What is the point of "protected" word in Java if it gives you the same access rights as default access?

StackOverflow https://stackoverflow.com/questions/19411705

Question

Can anybody explain me why do we need "protected" word? If I understand correctly,

default access: available in classes within the same package.

protected access: default access in same package + available to inherited classes (sub-classes) in any package. Basically, we get the same default access in same package.

So when should I use it? Just for the style of your code? To mark it that you are going to work with it from perspective of inheritance?
Thank you.

package firstPack;

public class First {
    protected int a;
    protected void Chat(){
        System.out.println("Here I am");
    }
}

package secondPack;  

import firstPack.First;

public class Second extends First{
    public static void main(String [] args){
        First f=new First();
//      f.Chat();
//      System.out.println(f.a);
    }
}

I used this code to test it. It didn't work.

Was it helpful?

Solution 2

Problem with your test code is that you ware trying to access protected members of First class instance and via First class reference. Notice that since Second class is not in the same package as First one it doesn't have access to protected fields of any instance of base class, but have access to its own fields inherited from First class (which includes protected ones). So something like

First f = new First();
f.chat();//chat is protected in base class.

will not compile in Second class, but something like

public void test() {
    a = 1;  // have access to inherited protected field or 
    chat(); // methods of base class 
}

public static void main(String[] args) {
    Second f = new Second();
    f.chat();
    System.out.println(f.a);
}

is OK since Second class have access to its inherited members.

Notice that code in main method works only because it is placed inside Second class since only derived classes or classes in the same package as First have access to its protected members.
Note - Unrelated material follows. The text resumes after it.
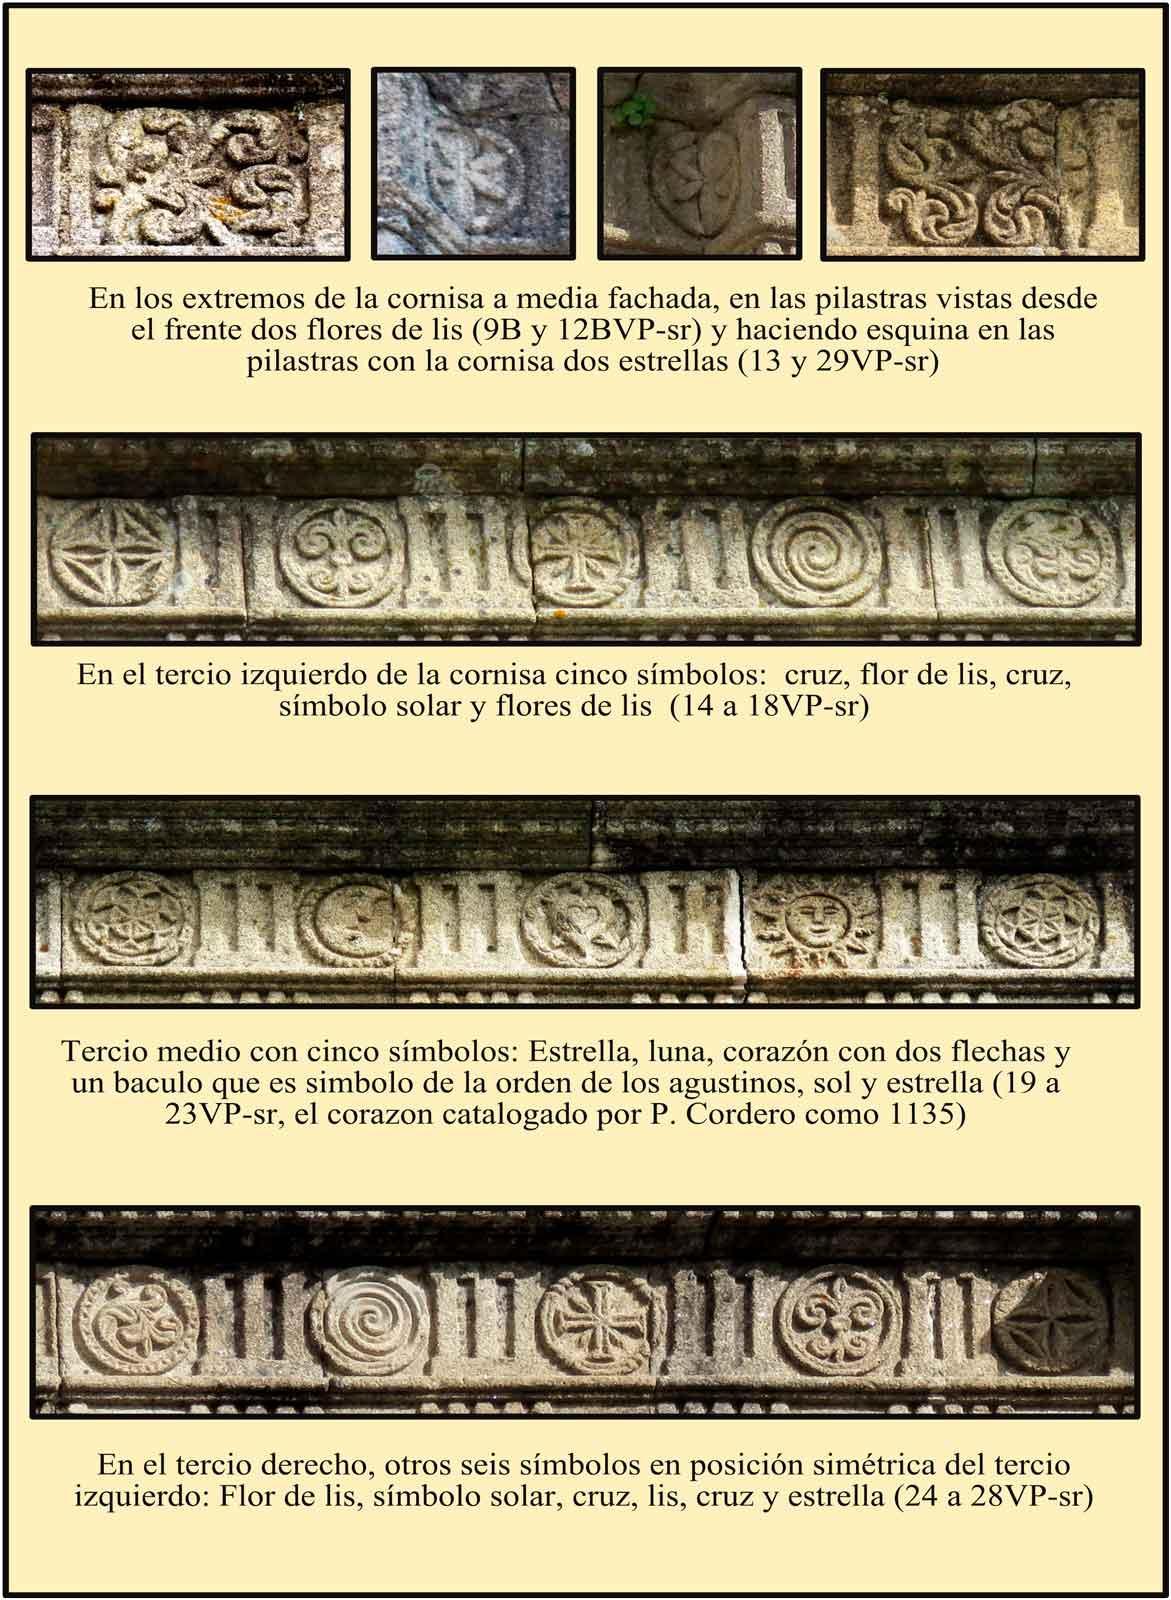 Simbolos marianos en las cornisas de la fachada de la ermita de la Virgen del Puerto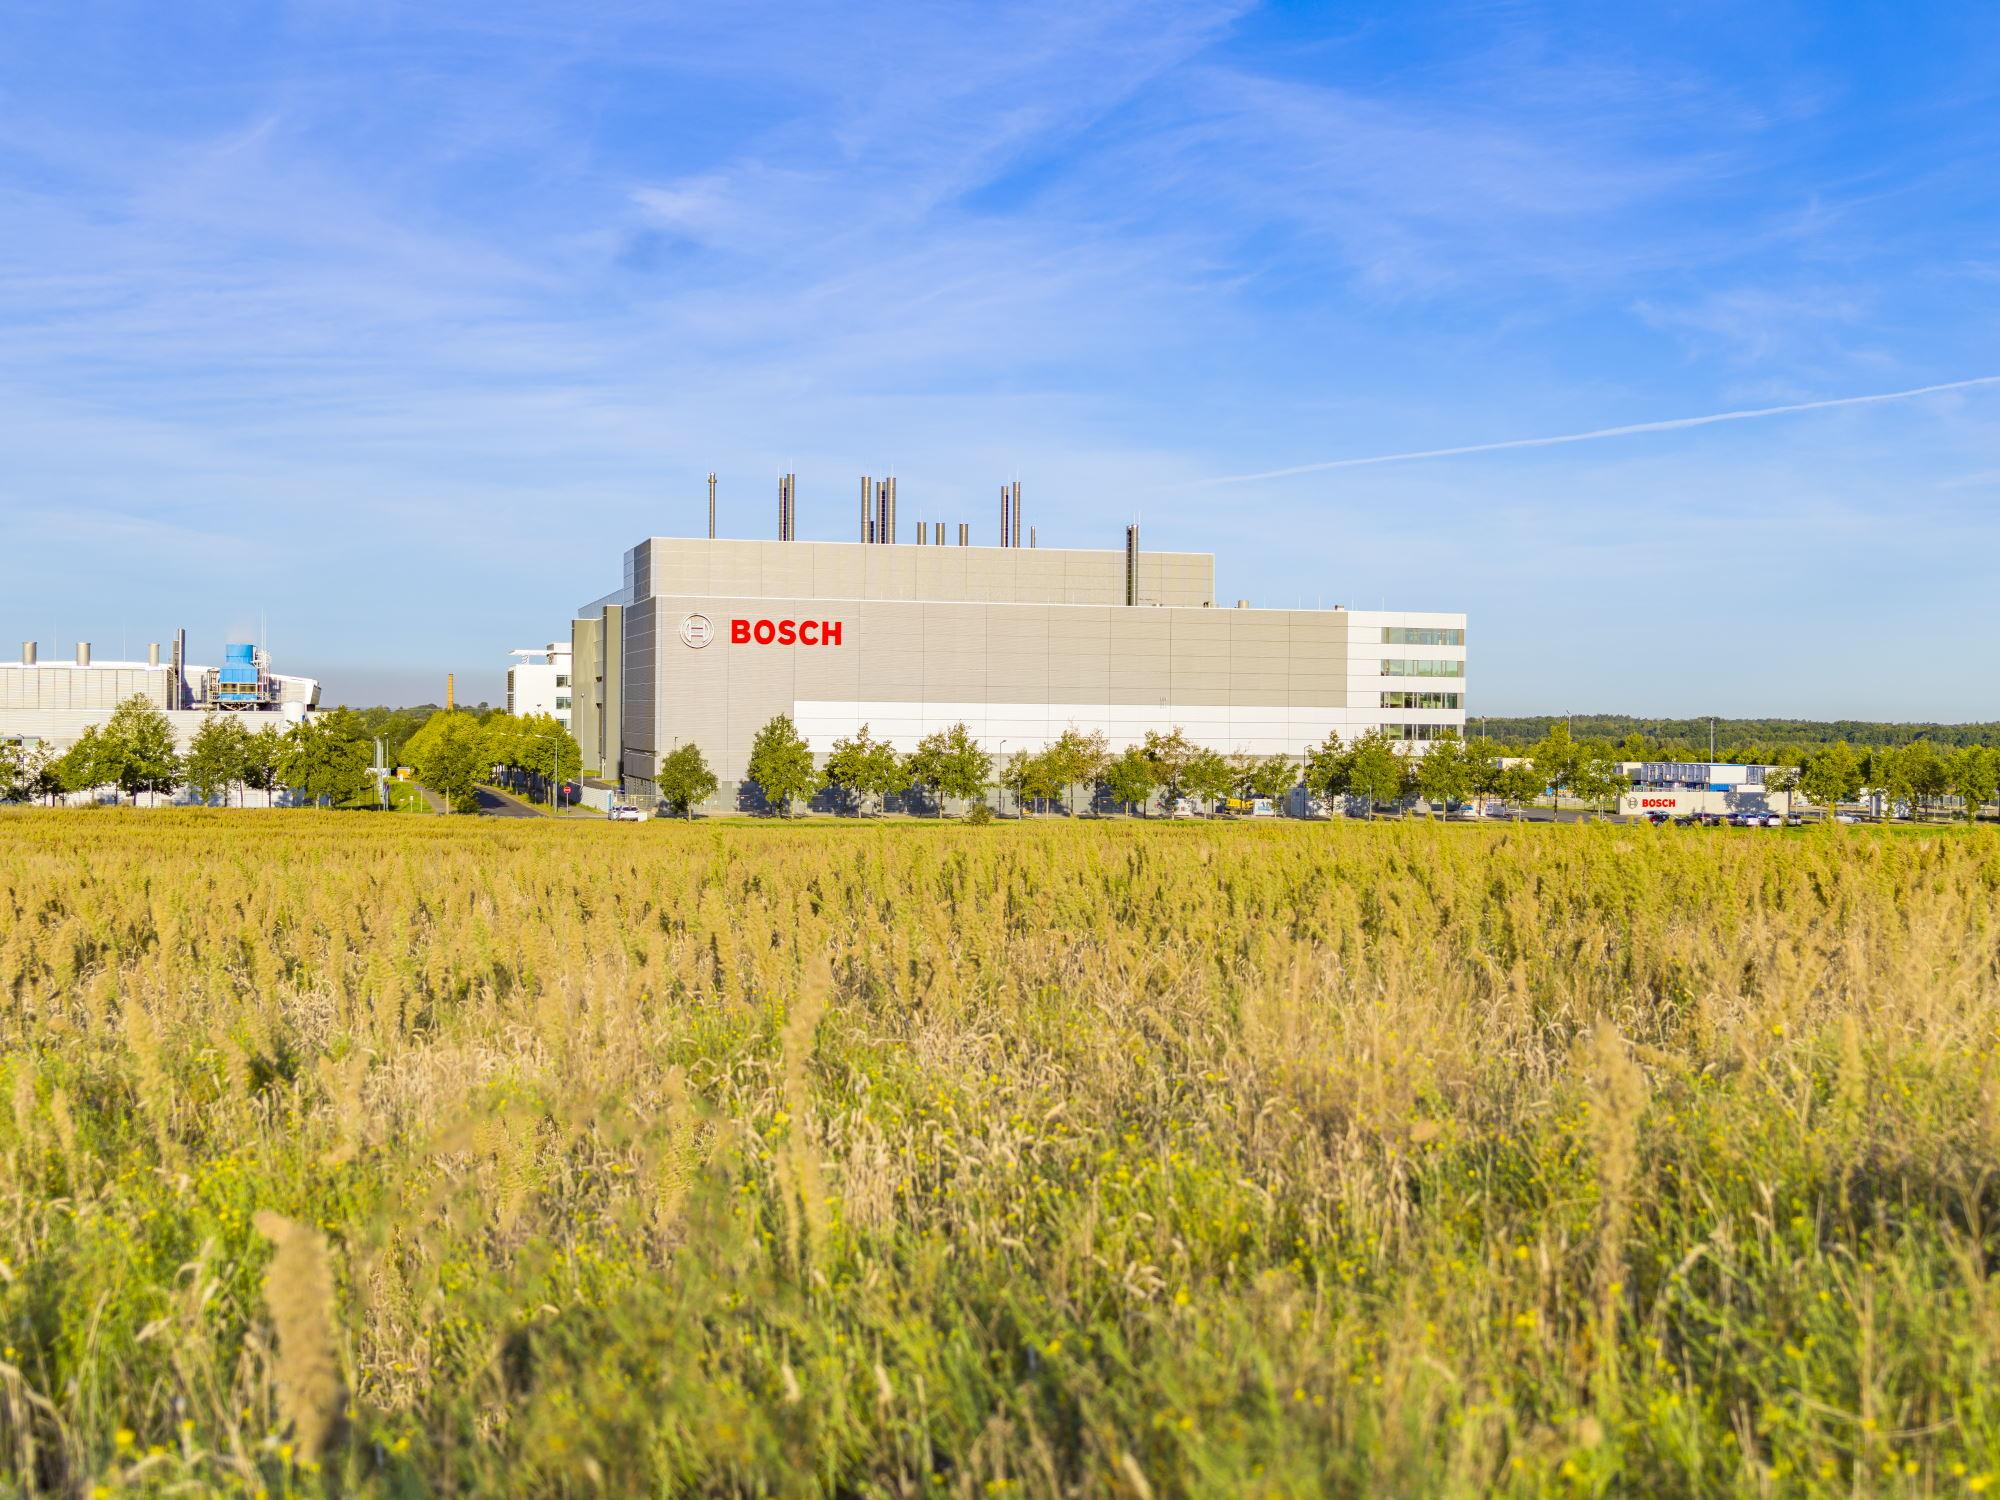 Výroba polovodičov Bosch v Drážďanoch

So if this code will be placed inside other class like

class Test{
    public static void main(String[] args) {
        Second f = new Second();
        f.chat();
        System.out.println(f.a);
    }
}

it will not compile (no access to protected members because Test doesn't extend or is not in same package as First).

OTHER TIPS

protected means visible to all sub-classes, not just those in the same package.

The protected modifier: Accessed by other classes in the same package or any subclasses of the class in which they are referred (i.e. same package or different package).